Without copying any picture, return all lines below exactly.

*** Opening Data shown ***

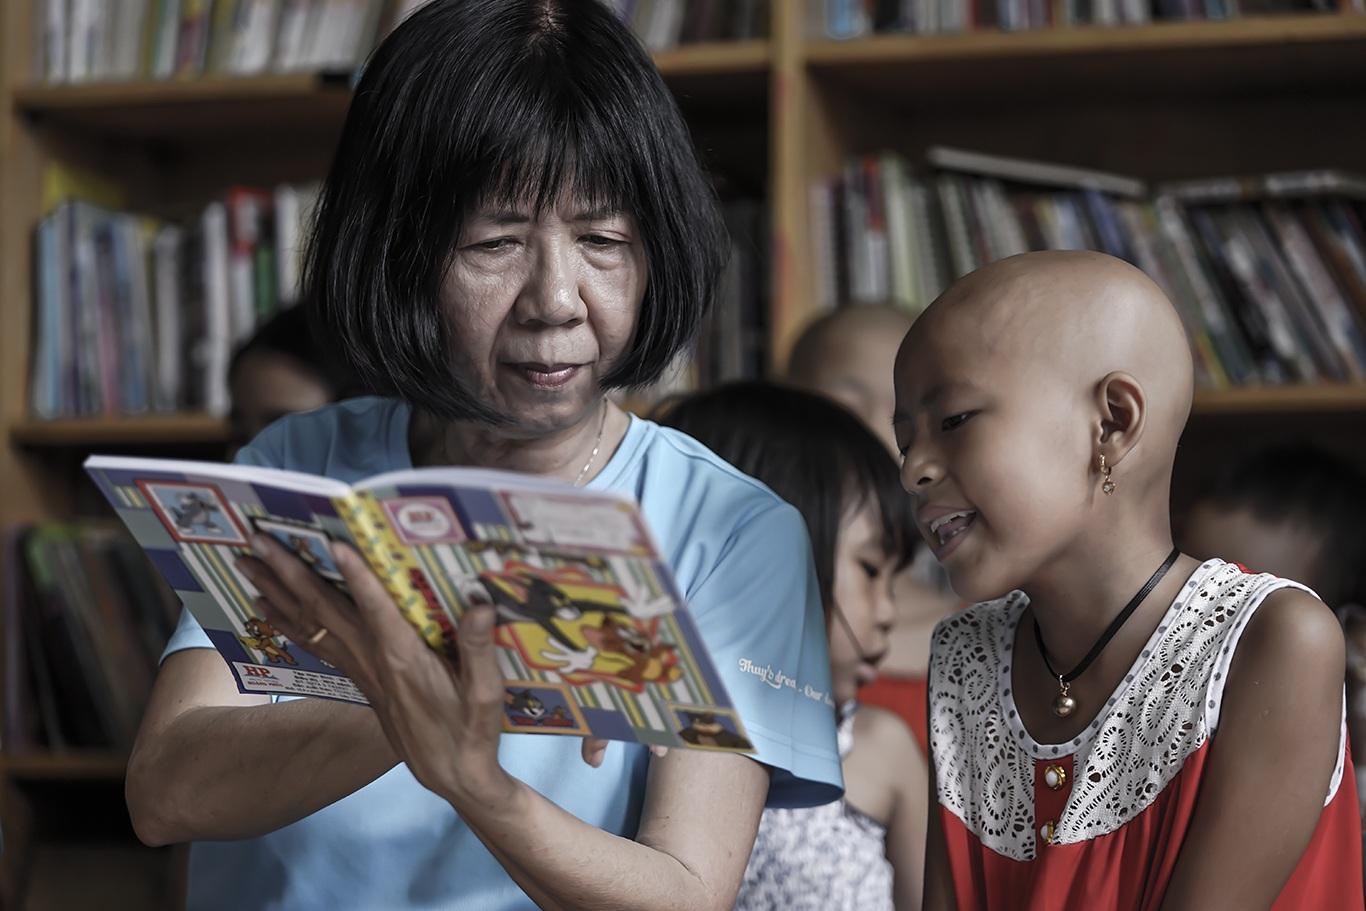 Cô giáo một thập kỷ ở lớp học trò qua đời, cô vẫn phải mỉm cười - 23
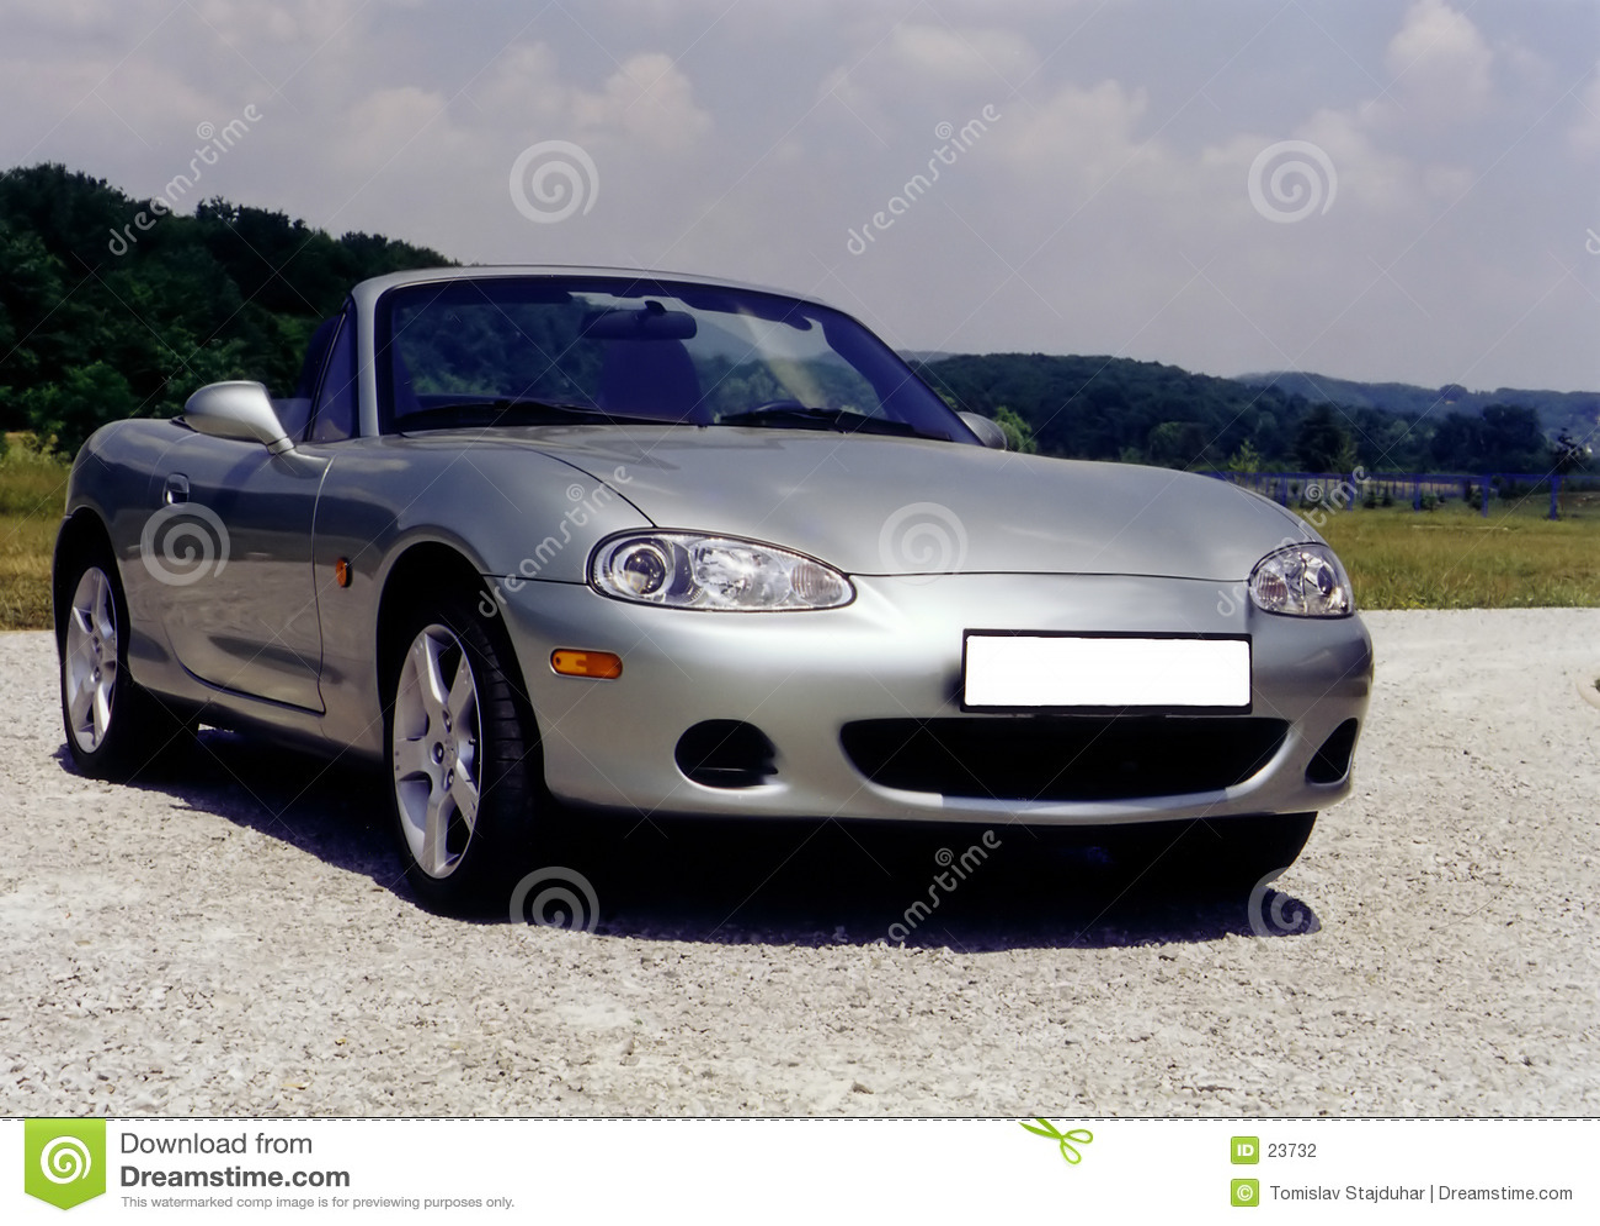 Roadster mx 5 mazda
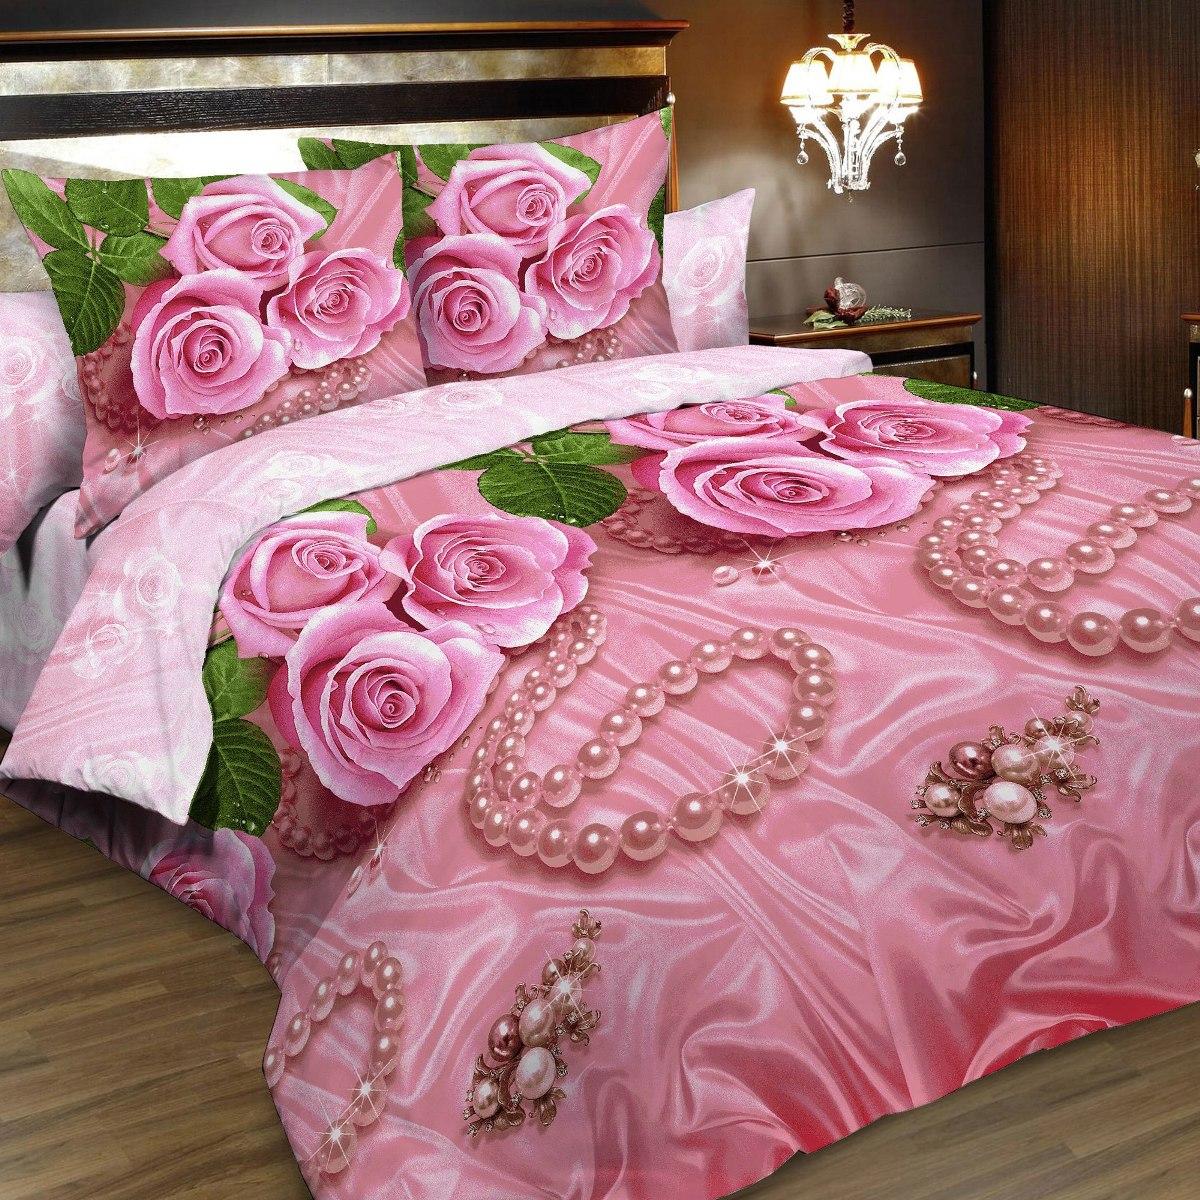 Комплект белья Letto, семейный, наволочки 70х70, цвет: розовый. B161-7B161-7Серия Letto «Традиция» выполнена из классической российской бязи, привычной для большинства российских покупательниц. Ткань плотная (125гр/м), используются современные устойчивые красители. Традиционная российская бязь выгодно отличается от импортных аналогов по цене, при том, что сама ткань и толще, меньше сминается и служит намного дольше. Рекомендуется перед первым использованием постирать, но не пересушивать. Применение кондиционера при стирке сделает такое постельное белье мягче и комфортней. Пододеяльник на молнии. Обращаем внимание, что расцветка наволочек может отличаться от представленной на фото.

*** Closing Data shown ***

** Answer to this problem **
 Cô giáo một thập kỷ ở lớp học trò qua đời, cô vẫn phải mỉm cười - 23
 Roadster mx 5 mazda
 Комплект белья Letto, семейный, наволочки 70х70, цвет: розовый. B161-7B161-7Серия Letto «Традиция» выполнена из классической российской бязи, привычной для большинства российских покупательниц. Ткань плотная (125гр/м), используются современные устойчивые красители. Традиционная российская бязь выгодно отличается от импортных аналогов по цене, при том, что сама ткань и толще, меньше сминается и служит намного дольше. Рекомендуется перед первым использованием постирать, но не пересушивать. Применение кондиционера при стирке сделает такое постельное белье мягче и комфортней. Пододеяльник на молнии. Обращаем внимание, что расцветка наволочек может отличаться от представленной на фото.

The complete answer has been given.